TASK OBJECTIVE
Beginning with the line that contains "Beautifully Designed Wooden", repeat each line exactly through the end of the listing below. Pictures stay out.

DATA SECTION
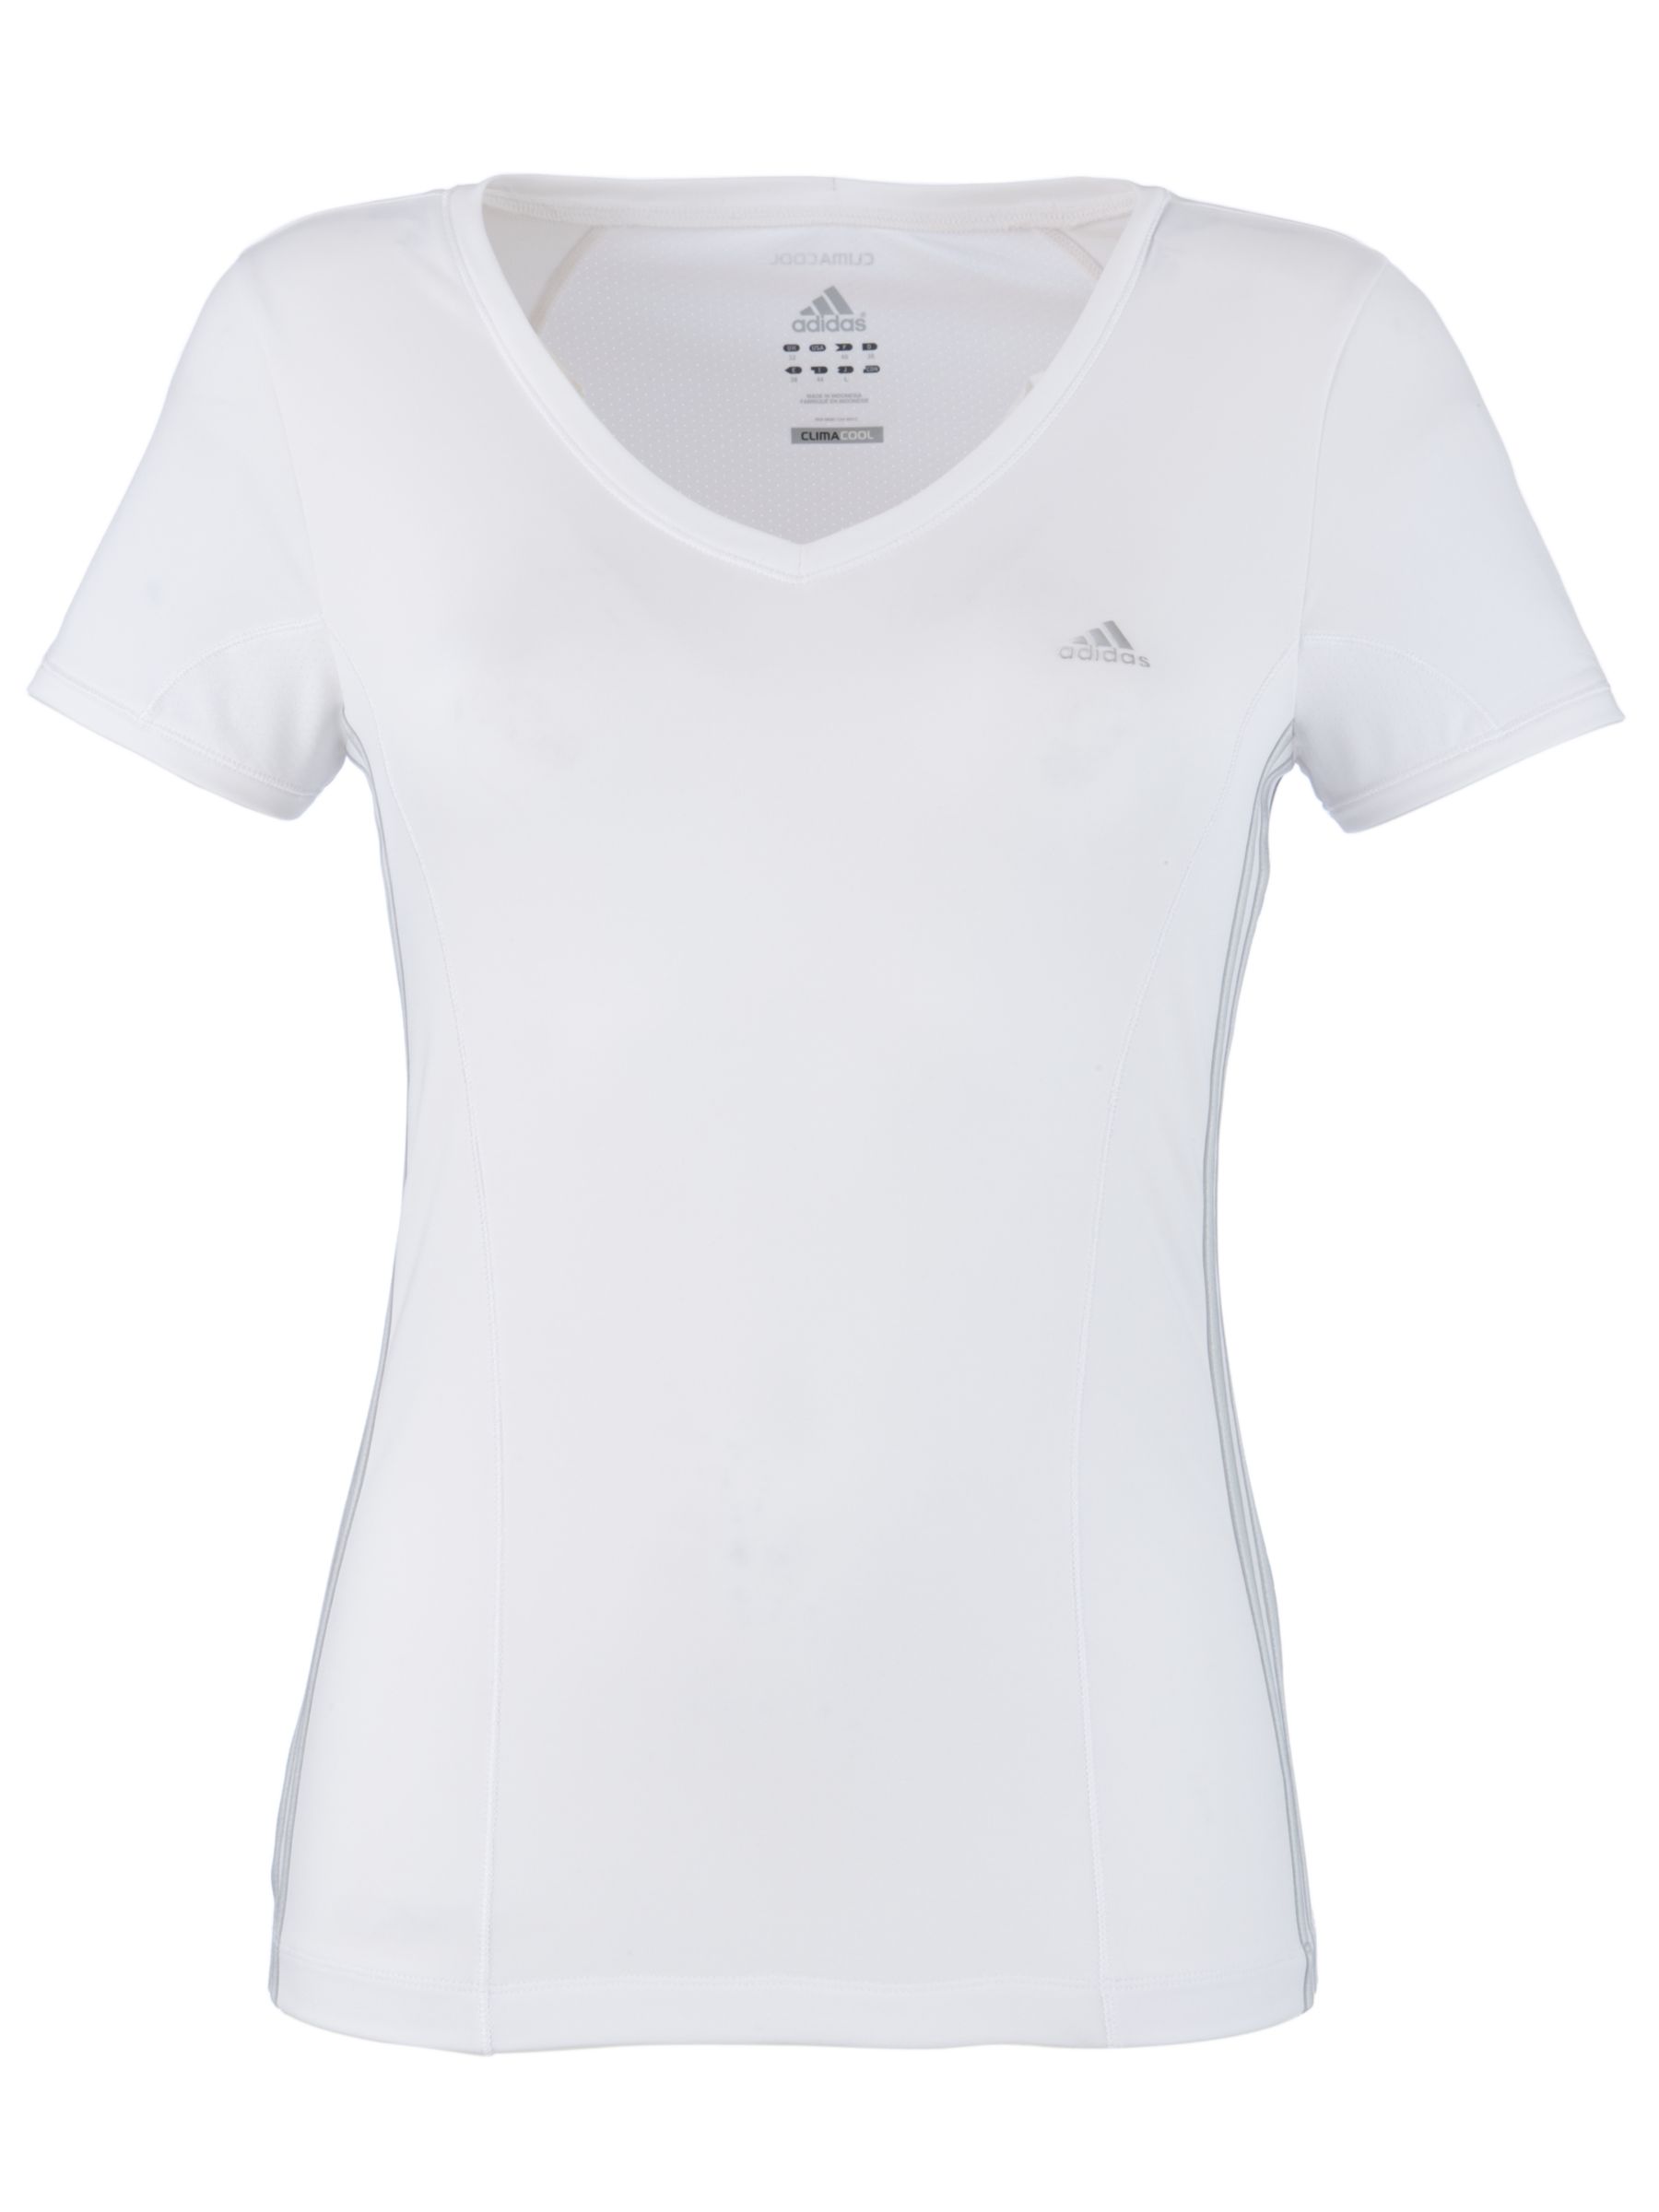 Adidas Clima 365 Core T-Shirt, White/silver
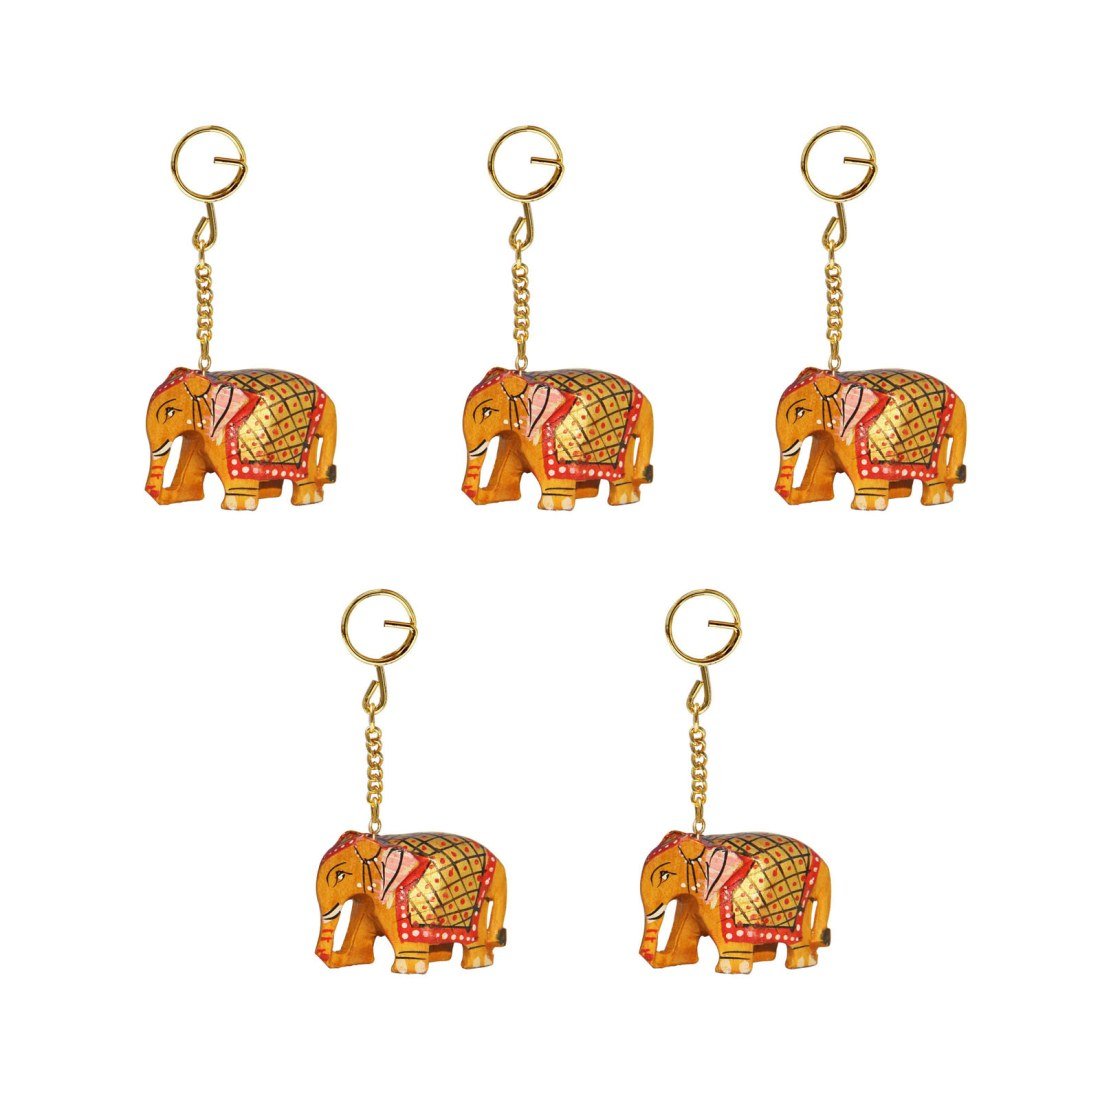 Beautifully Designed Wooden Elephant & Peacock Key Chain set
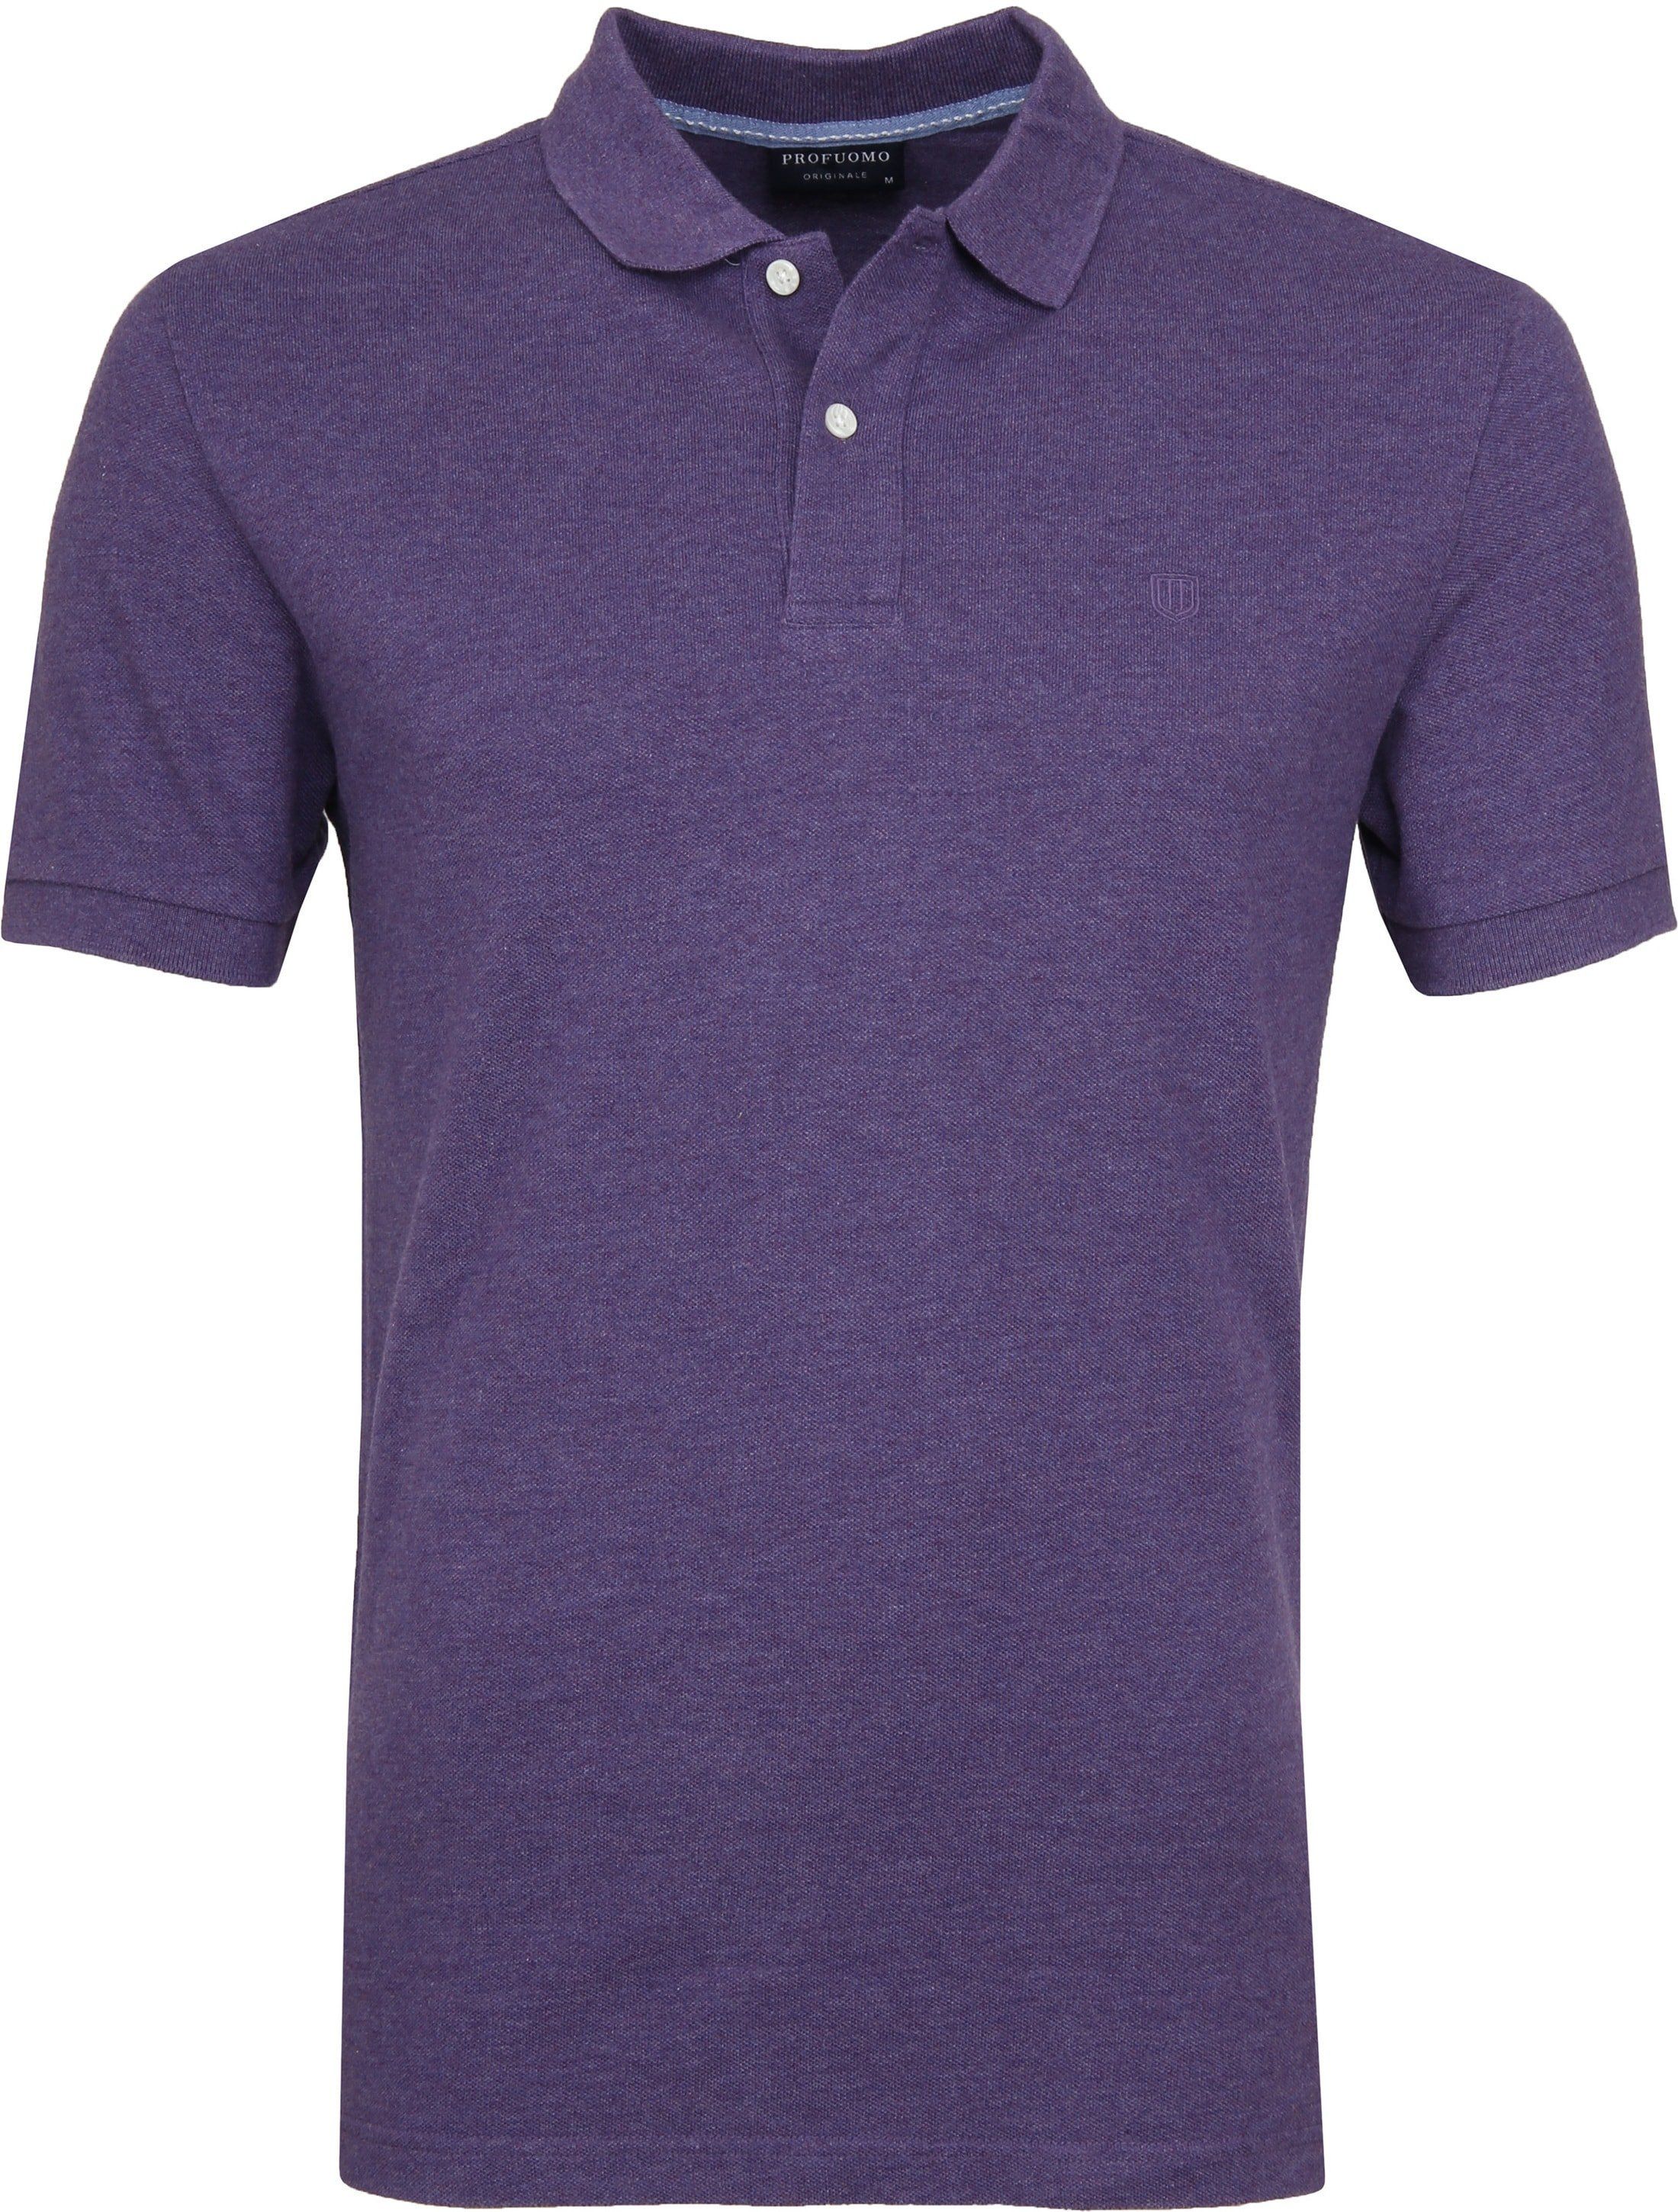 Profuomo Short Sleeve Poloshirt Purple size S

REPLY
 Beautifully Designed Wooden Elephant & Peacock Key Chain set
 Profuomo Short Sleeve Poloshirt Purple size S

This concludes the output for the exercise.